But Lapid did not want to go into a government with Netanyahu alone, and forced what became known as the “brother covenant” between Lapid and Bennett: if Netanyahu wanted one of them, he had to take the other.
In the 2015 election, Netanyahu again ferociously attacked Bennett, and brought him down to eight seats. Afterward he again refused to negotiate with Bennett and only met with him at the very end, giving Bennett the upper hand that he used to win the Justice Ministry for Ayelet Shaked.
Fast forward to the first election of the recent four in April 2019. Ahead of that vote, Bennett and Shaked broke away from Bayit Yehudi and established the New Right. This time Netanyahu smelled blood and went for the jugular, swearing to decimate the Bennett-Shaked duo. Unfortunately for him he did too good a job – Bennett failed to cross the threshold by just a couple of thousand votes, and Netanyahu was left with just 60 seats in his bloc.

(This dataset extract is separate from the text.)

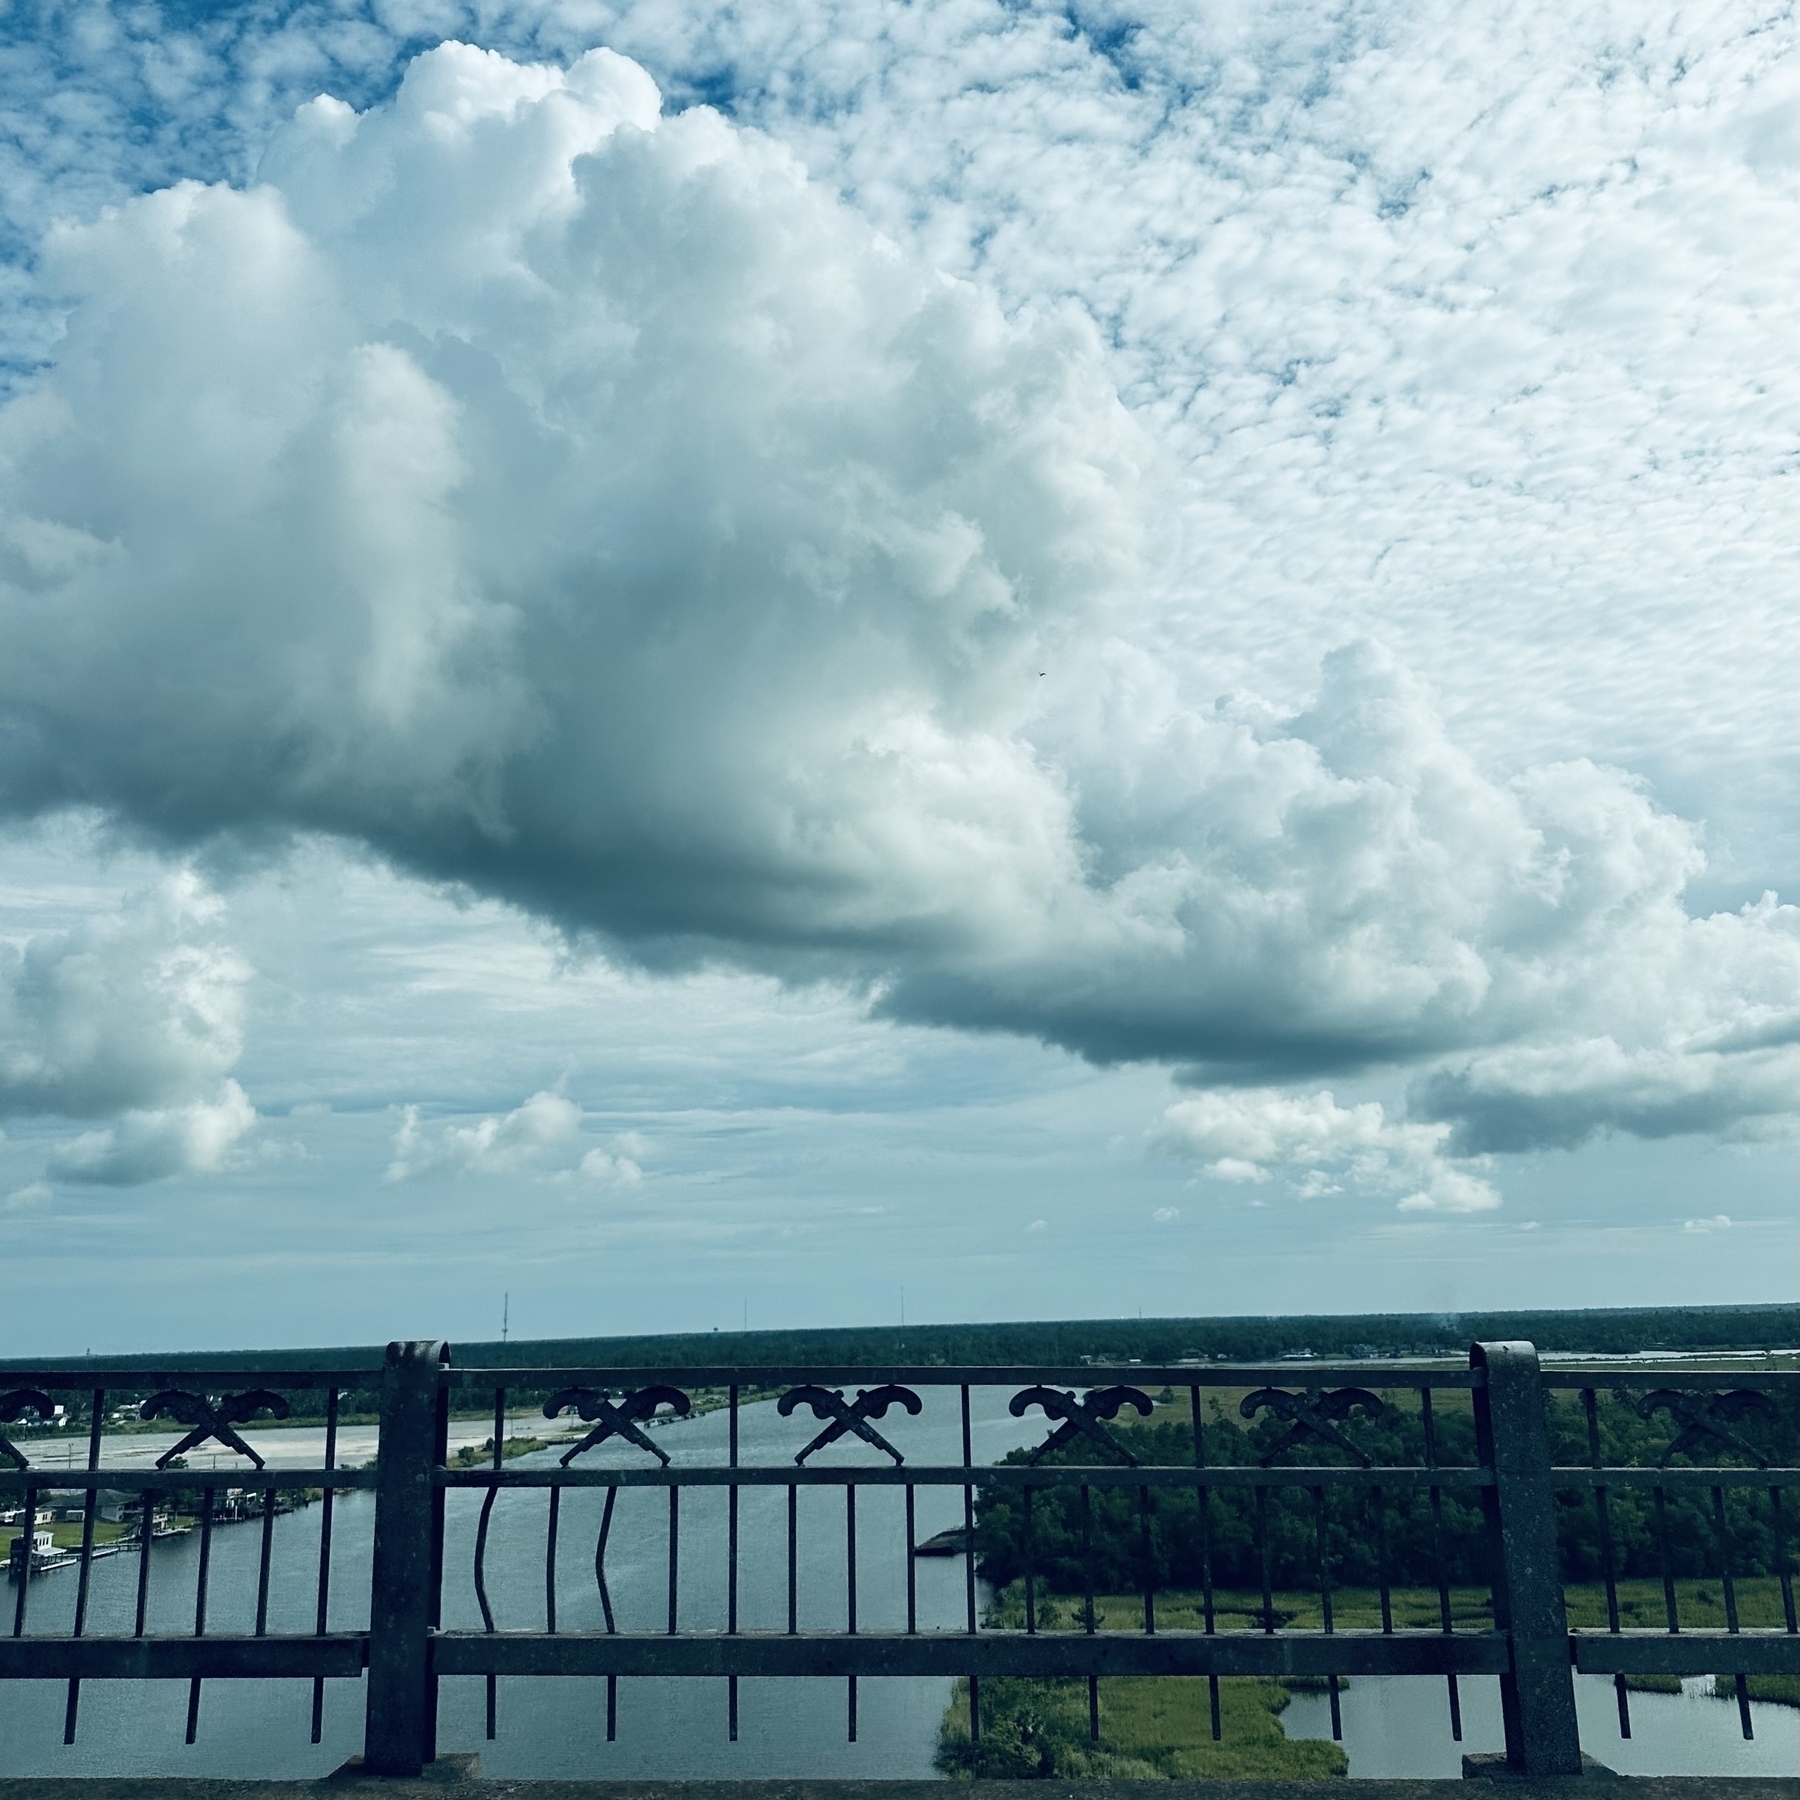 View driving over the bridge with clouds.

Had Netanyahu not killed off the New Right, he would have had a 61-majority coalition already in 2019.
This week again, Netanyahu couldn’t help himself. He did everything he could to weaken Bennett even though Yamina was the one party that could have helped Netanyahu form his bloc. But that didn’t stop the Likud from spending millions on negative ad campaigns against Bennett, from talking against him non-stop in interviews, and doing everything it could to pull votes away from Yamina.
Once again, Netanyahu was too successful. Bennett dropped to seven seats, but maybe had Netanyahu been less aggressive Bennett would have won eight. Who knows?

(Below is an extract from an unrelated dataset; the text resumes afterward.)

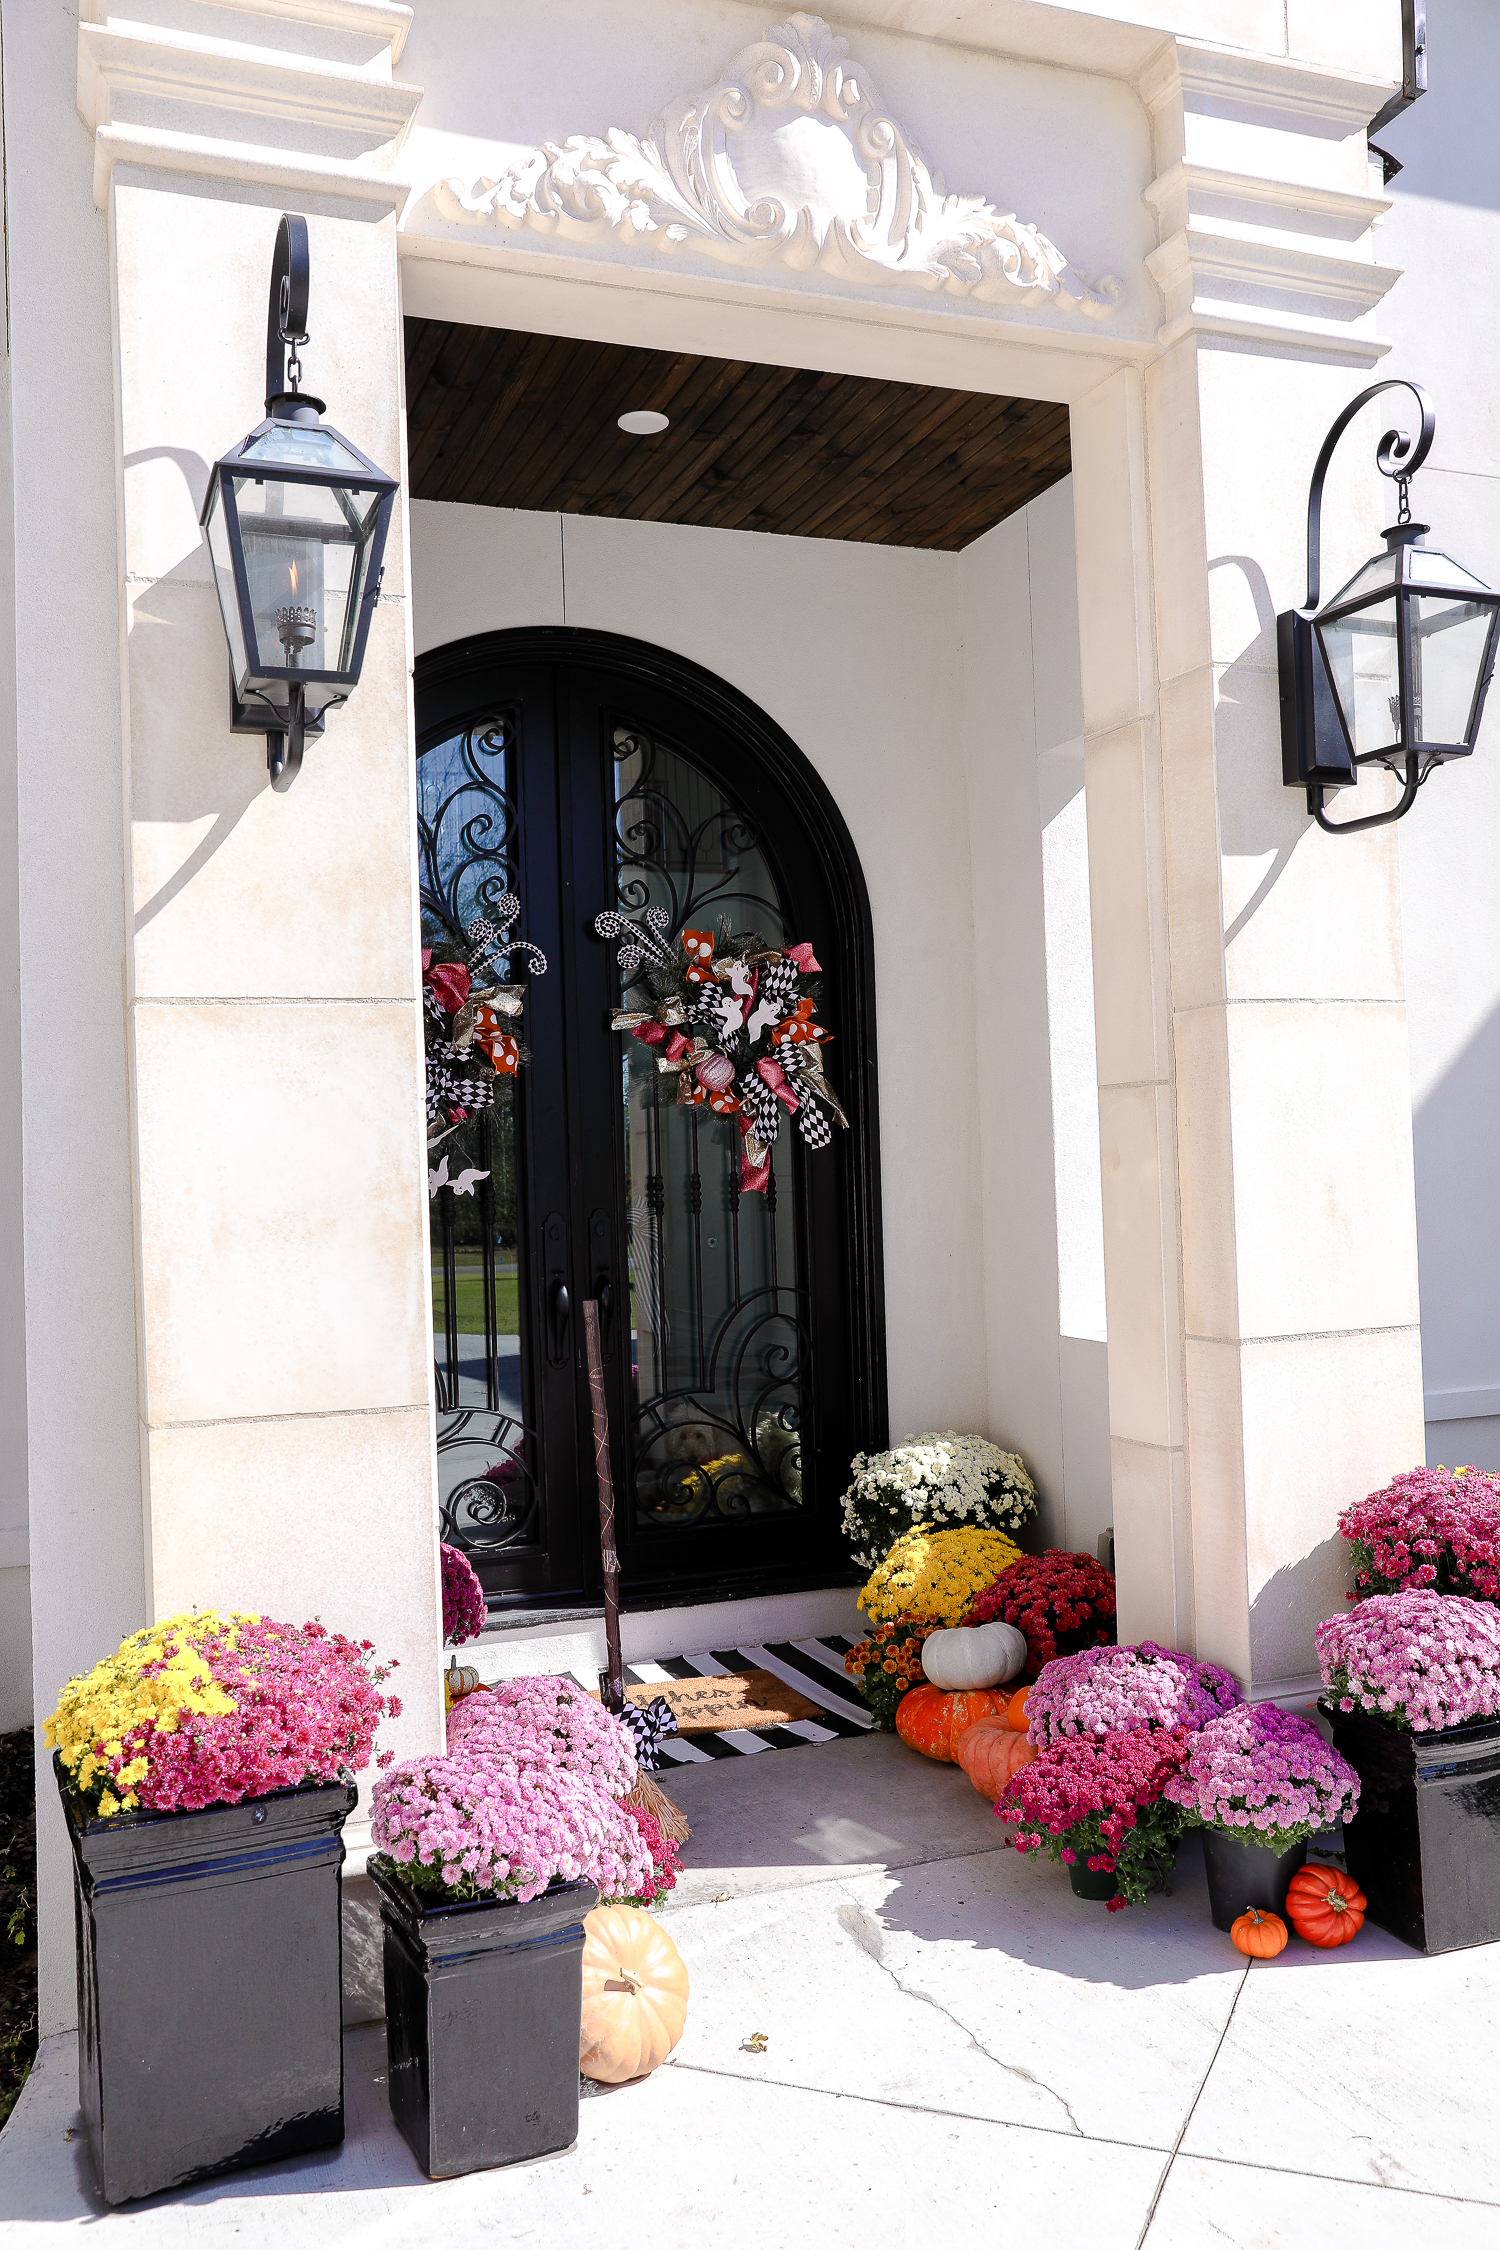 solar gas lights, luxury custom build home, pink mums, front door decor striped rug, pink mums, fall halloween decor, shop hello holidays, emily gemma | Fall & Halloween Home Decor Tour by popular Oklahoma life and style blog, The Sweetest Thing: image of the front entrance to a home decorated with pink mums, pumpkins, a black and white stripe rug, and a welcome mat.

THE SECOND side story – albeit more positive – is what happened with the Arabs in this election. There is a Talmudic saying that what is not done for the sake of heaven can sometimes turn into something done for the sake of heaven.
That is the case here with what Netanyahu did in his outreach to Israeli Arabs. It was refreshing to see Netanyahu make campaign stops in Arab towns this election, especially considering his past racist remark about Arabs voting in droves on Election Day in 2015.
This time he spoke about the need to work with Israeli-Arabs to better integrate the sector into mainstream society, as well as the need to allocate the necessary budgets to fight crime on the Arab street and improve their education system and general infrastructure.
All of this wasn’t done out of a sudden Netanyahu love for Arabs. He genuinely thought there was potential to obtain some votes out of the Arab sector, and if he could, that would help pull him over the top.
It didn’t exactly work. According to most estimates, maybe one Likud seat came from the Arab vote. But what Netanyahu did end up doing – without intention – was breaking the taboo that prevented Zionist parties like Likud from working with the Arabs. It also broke up the Arab bloc that used to be monolithic in its nationalistic and Palestinian identity.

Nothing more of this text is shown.